Please write out the entire listing below exactly, excluding its pictures.

:: DATA PROVIDED ::
┄┄┄┄┄┄┄┄┄┄┄┄┄┄┄┄┄┄┄┄
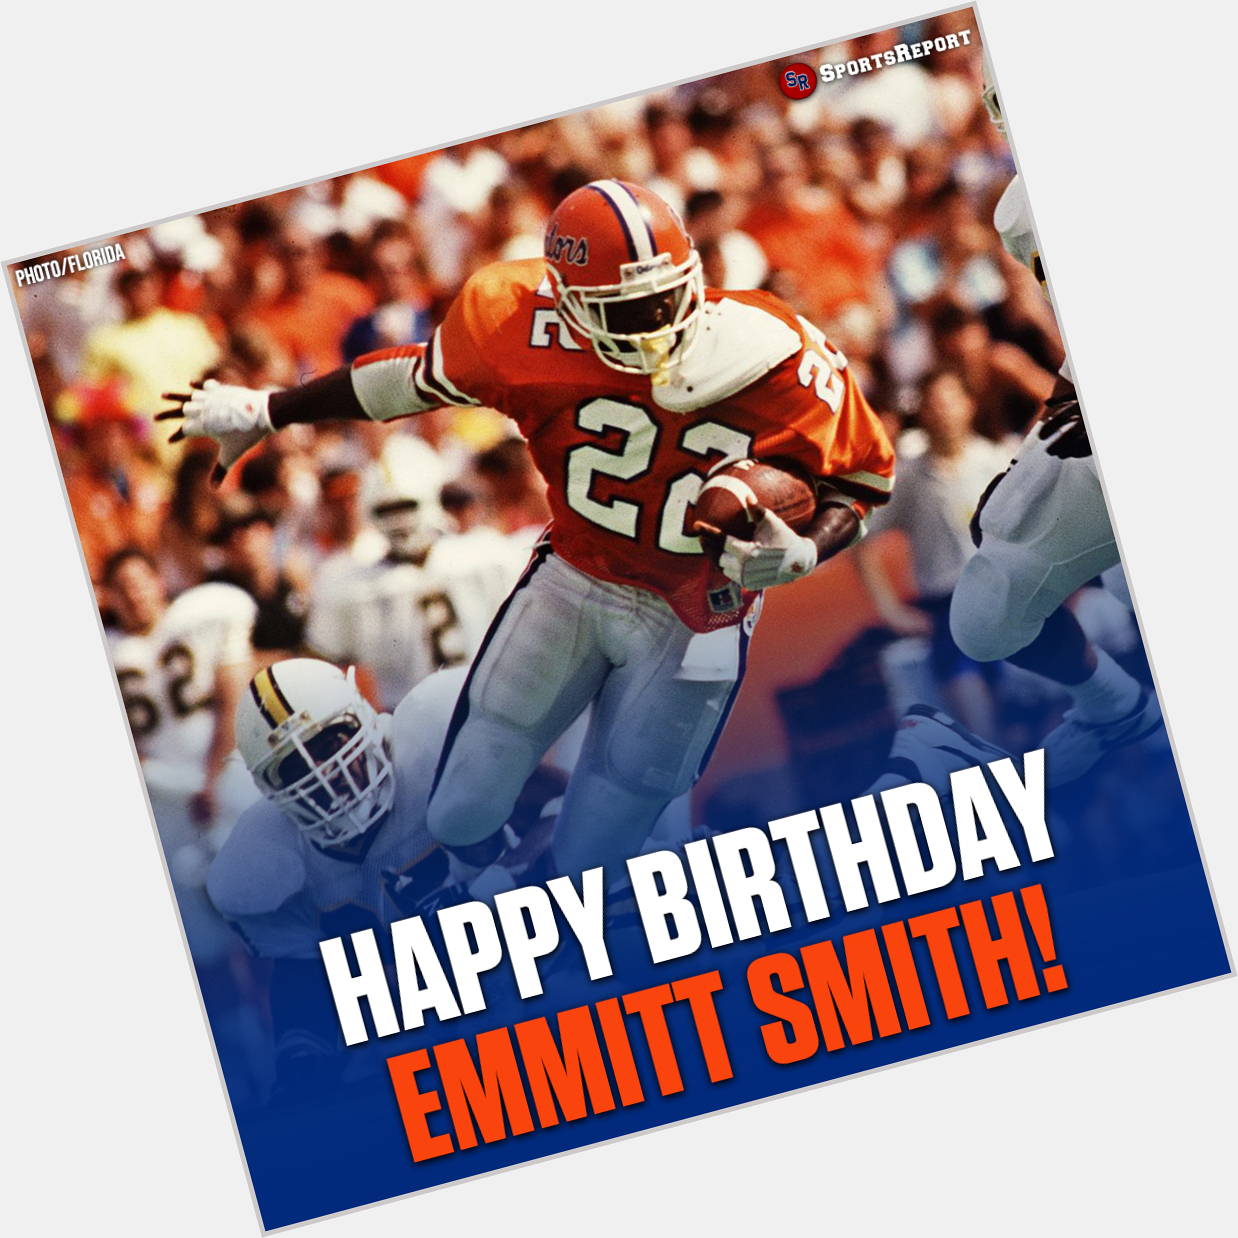  Fans, let\s wish LEGEND Emmitt Smith a Happy Birthday!! 
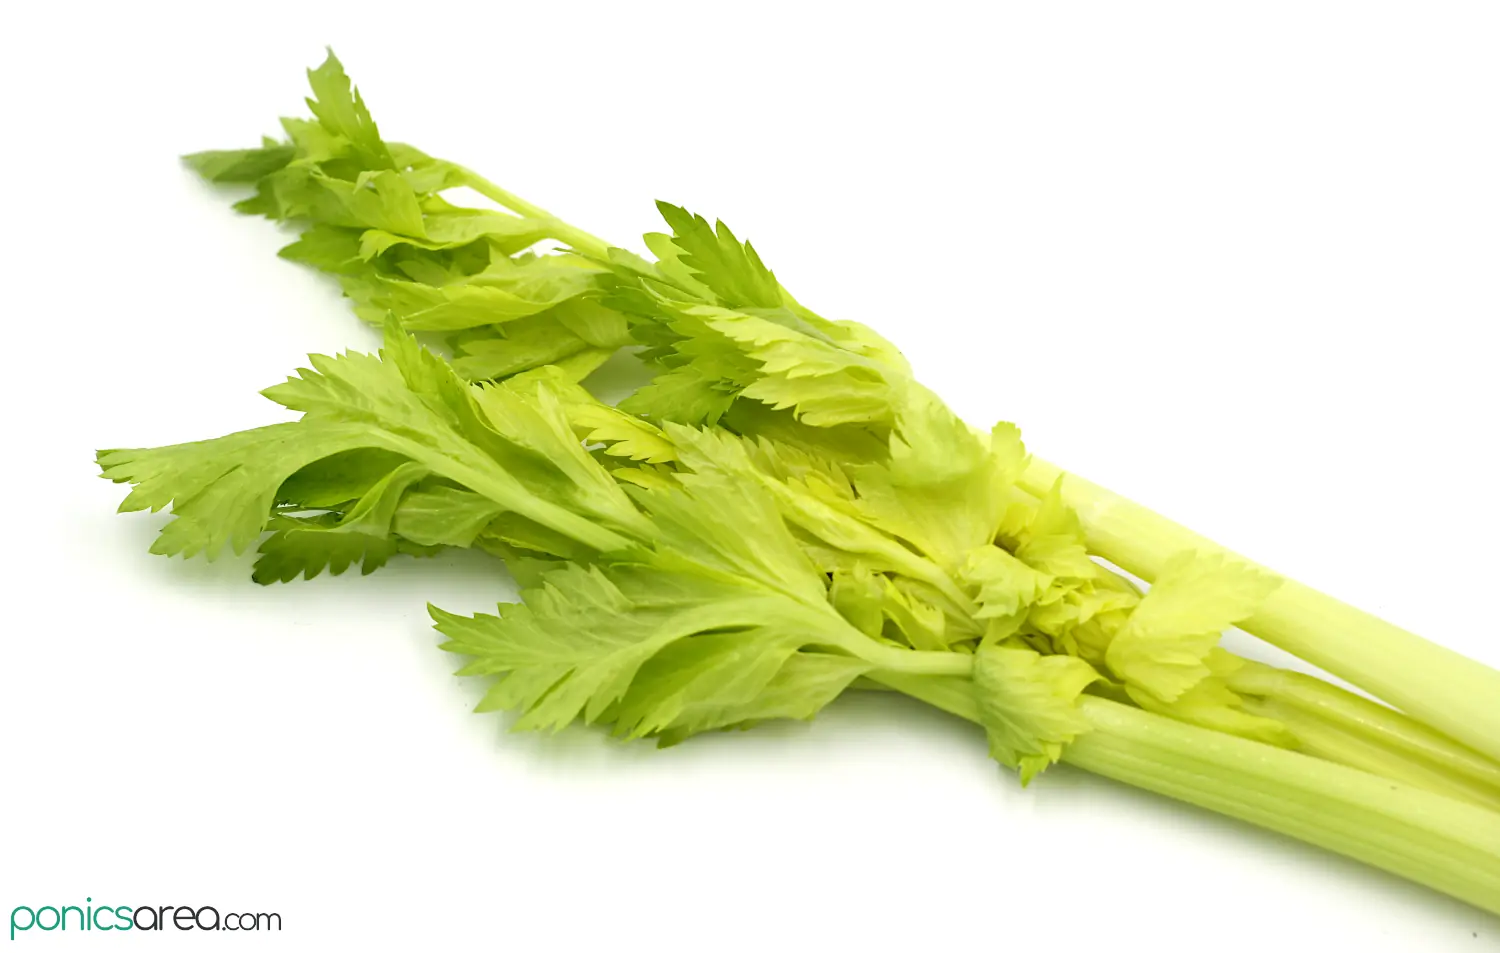 celery is a leaf and leafstalk vegetable
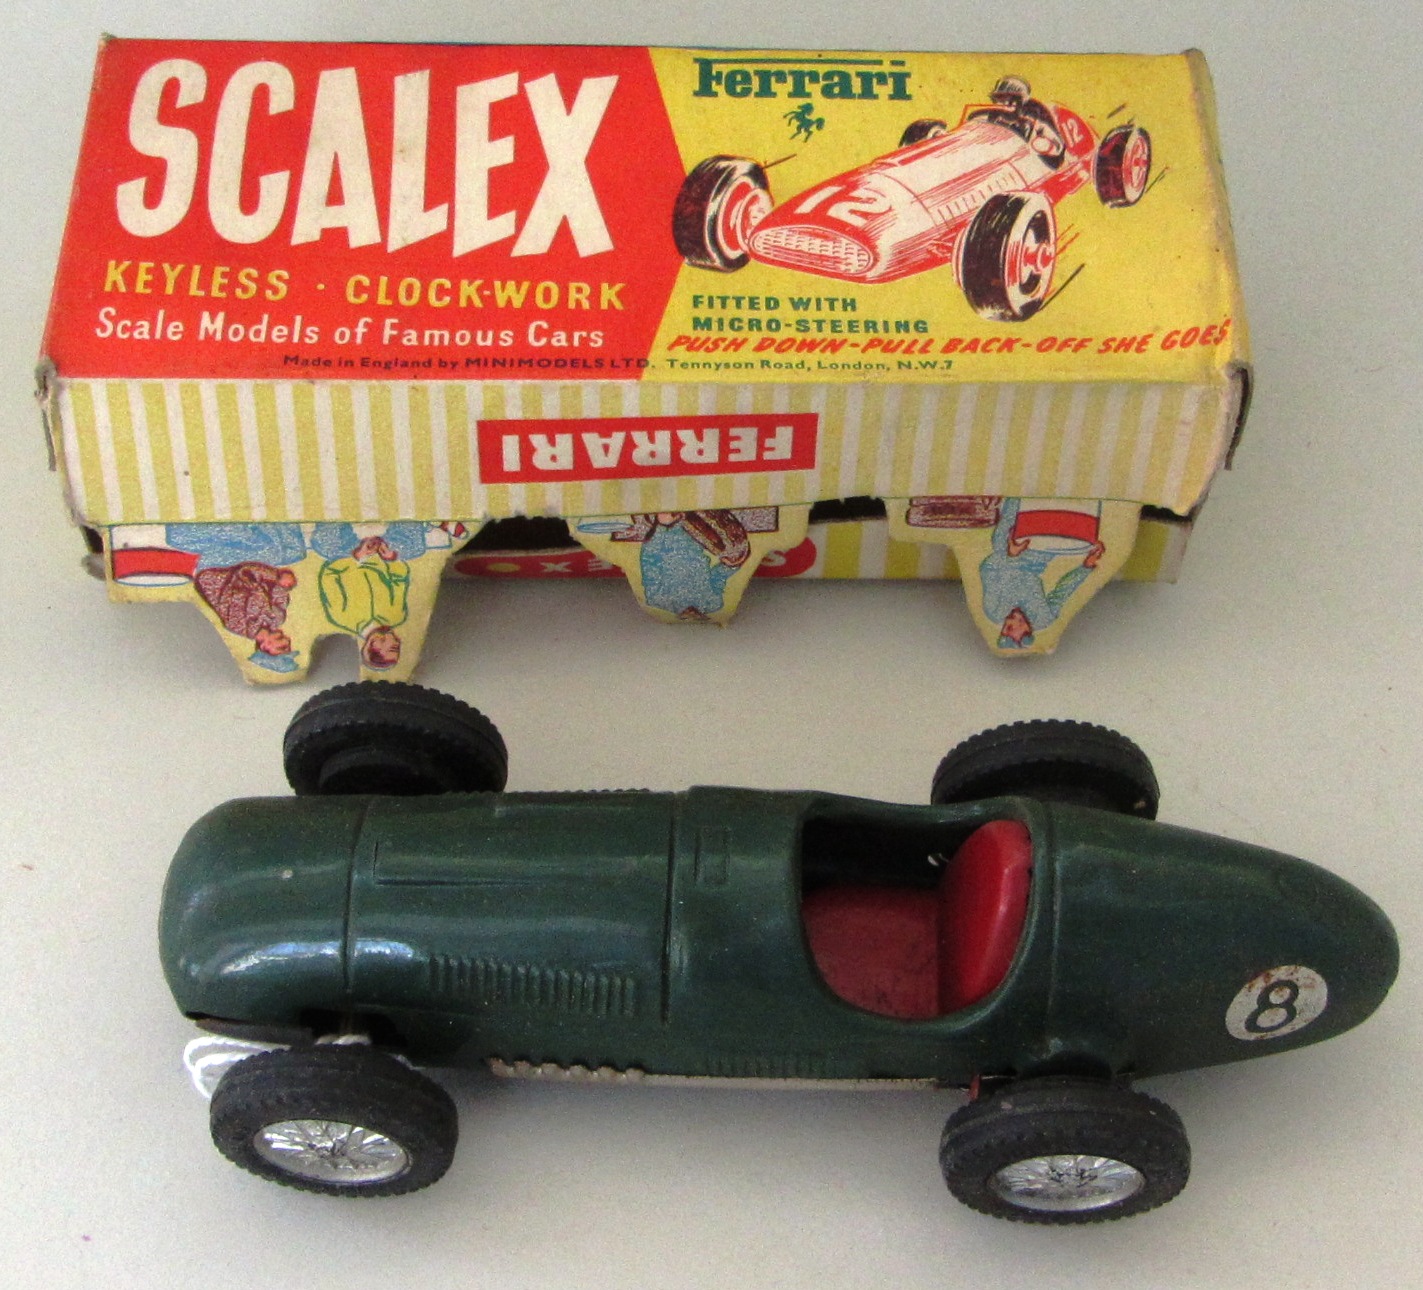 A Scalex keyless clockwork Ferrari car, boxed (a.f).
┄┄┄┄┄┄┄┄┄┄┄┄┄┄┄┄┄┄┄┄
:: RESPONSE TO THIS EXERCISE ::
  Fans, let\s wish LEGEND Emmitt Smith a Happy Birthday!! 
 celery is a leaf and leafstalk vegetable
 A Scalex keyless clockwork Ferrari car, boxed (a.f).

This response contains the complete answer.